Helen tries to focus on her work. The students she has to teach are a small, friendly and ambitious group who meet on Tuesday and Thursday afternoons. Her class is to a large extent about their work in progress, mainly novels which they started during the preceding term. When Sandra Pickering, one of the students, belatedly submits some chapters from the novel she is writing, Helen immediately recognises one of the male characters as having been modelled on her late husband Martin. As Helen has based a character in her novel The Eye of the Storm on Martin, she is about to accuse Sandra Pickering of plagiarism when, to her dismay, she finds out that the girl used to work for the BBC some years ago, that she knew Martin and that she had an affair with him. (Sandra writes about intimate details such as what he preferred doing immediately after sex.) Gradually it dawns upon Helen that her husband must have had a succession of young lovers, with everyone except herself knowing everything, or at least suspecting, while she, only mildly promiscuous during her student days, was never unfaithful to him. At this point Helen decides never again to shed a tear for him and get on with her life. In this new light, not even Messenger's advances seem so monstrous any more.

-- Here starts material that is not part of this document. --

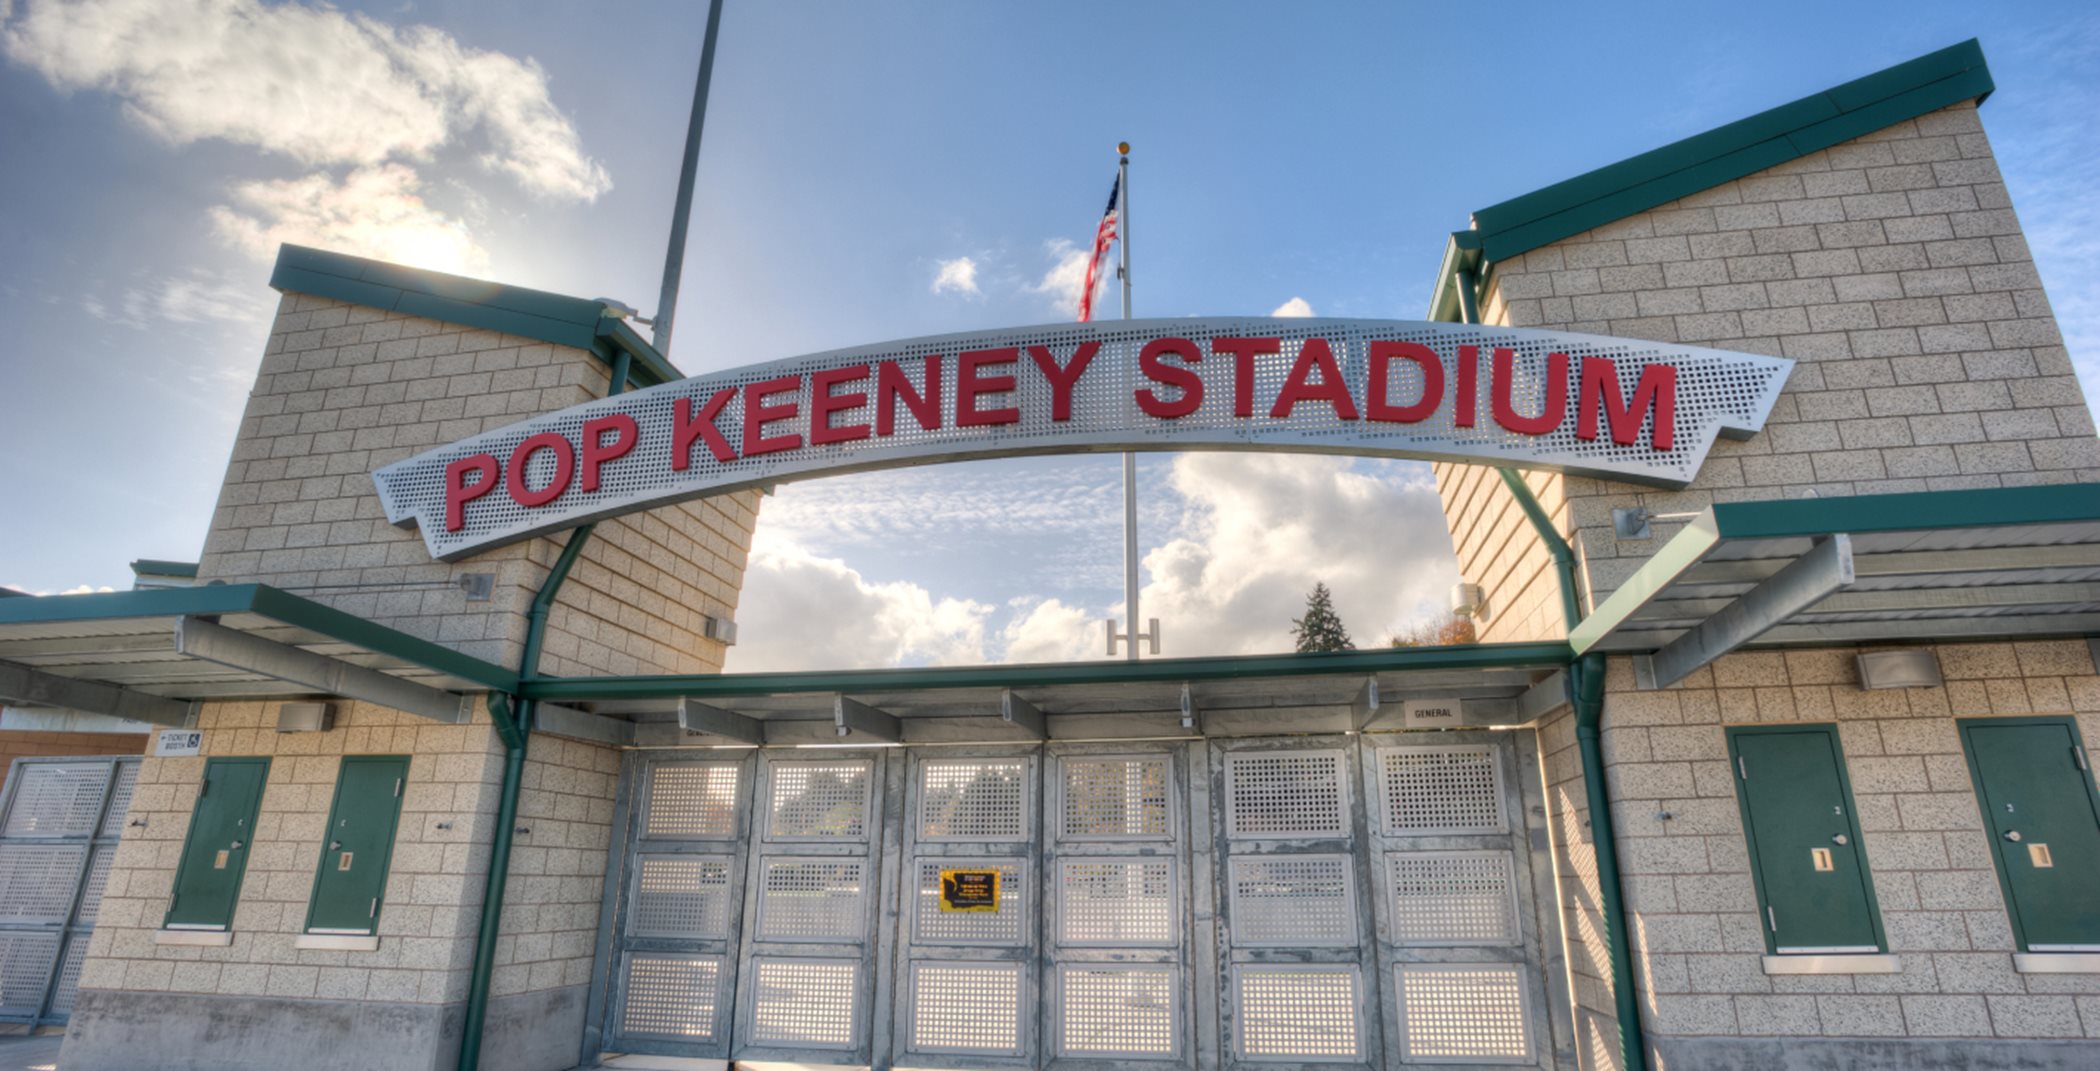 Pop Keeney Stadium entrance

She makes another discovery which almost turns her view of the world upside down. On a free afternoon, she escapes the stifling atmosphere of the campus to explore the surrounding countryside. Seated over lunch in a pub in the small town of Ledbury, an embarrassing encounter at the pub follows, with all three of them keeping up appearances and being polite and reserved. Later, however, during a duck race (a fund-raising event with plastic ducks "racing" down a small river), Carrie confides in Helen: She knows all (or almost everything) about her husband's flings and, by taking a lover herself, tries to get back at him. Ralph Messenger, she is quite sure, does not know anything about her affair. Also, Carrie tells her that she screwed around a lot while she was studying at UC Berkeley but only with faculty, never with other students.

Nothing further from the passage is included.